Silencios que pesan más que el agua

Esa noche hizo el amor.

Fue suave, lleno de miradas, de caricias, de nervios lindos. No fue perfecto, pero sí sincero. No fue por impulso, fue por conexión. El se siente bien por permanecer a alguien, ella se siente enamorada y feliz de pertenecerle solo a él.

Después, se quedaron abrazados. Fabiola dormía con una sonrisa en los labios. Austin no podía dormir... pero no por ansiedad ni dolor de cabeza. Esta vez no había tenido pesadillas.

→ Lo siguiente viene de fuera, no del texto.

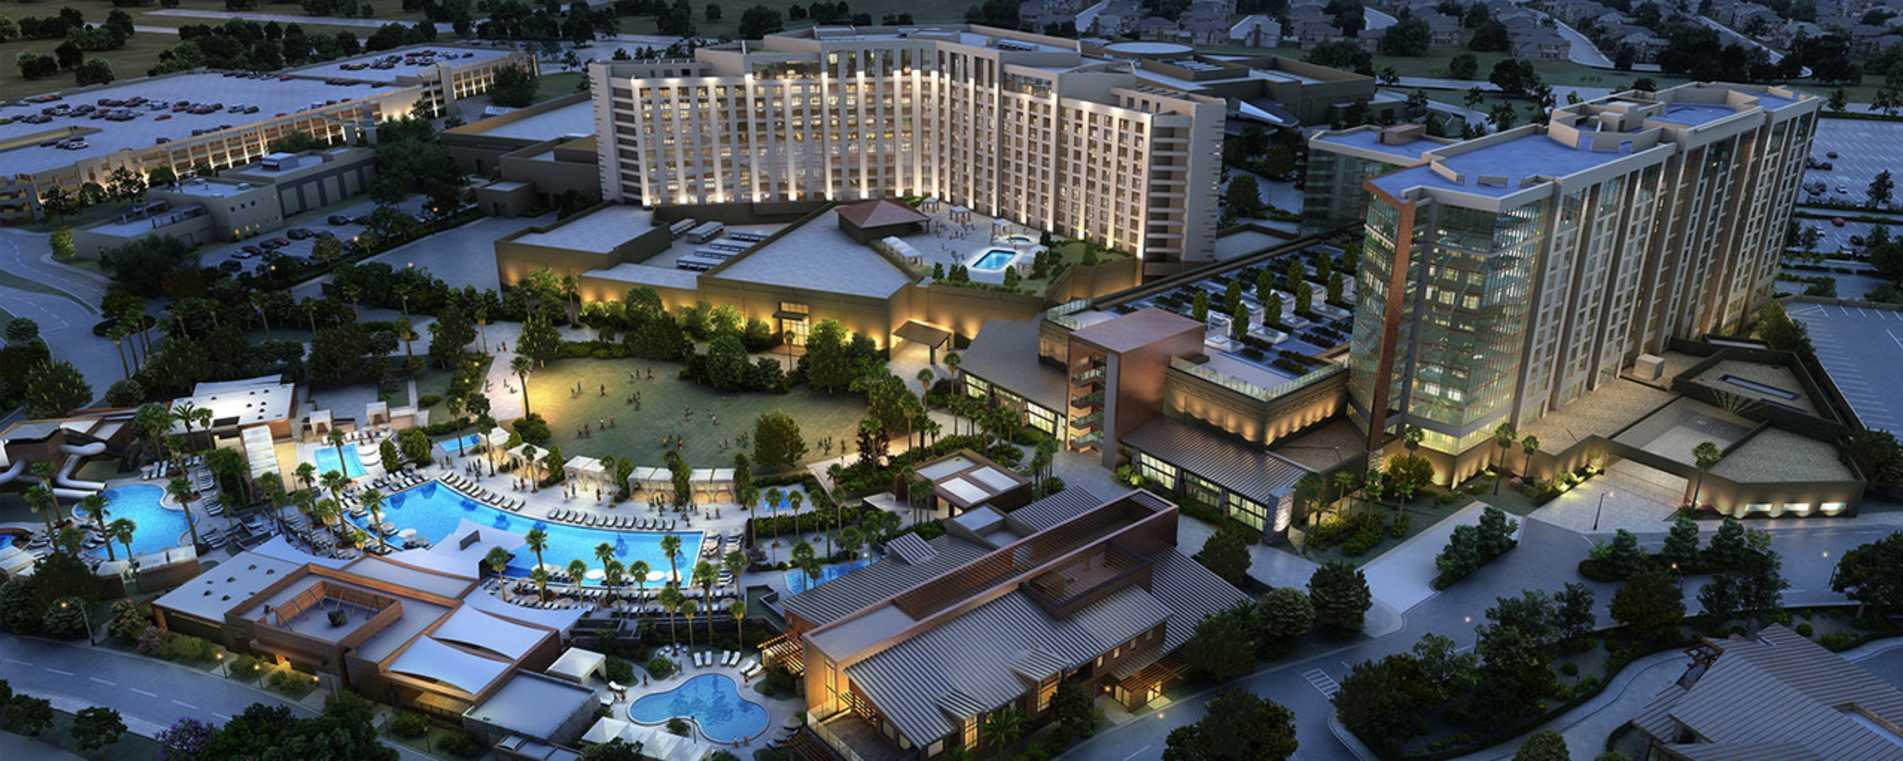 Pechanga Resort & Casino - Temecula

Solo había un extraño vacío.

Y el cuerpo cálido de la mujer que le estaba enseñando a amar desde cero. No era virgen pero no se guardó nada para ella se entregó sin límites ni reservas.

Y luego del viaje ambos eran inseparables... Chicago se convirtió en el lugar donde podría cumplir sus sueños.

Los años pasaron con rapidez. Fabiola y Austin terminaron la carrera, se graduaron con altas notas y las miradas cómplices de quienes supieron que desde aquel viaje en la universidad, no volvieron a separarse.

Se casaron en una ceremonia sencilla, pero hermosa. Rodeados de amigos, flores y una brisa suave que acariciaba los rostros. Austin la miraba como si el mundo entero se redujera a ella. Y Fabiola caminaba hacia él como si ya supiera que estaba hecha para sus brazos. Juraron amor eterno y lo creyeron con toda el alma.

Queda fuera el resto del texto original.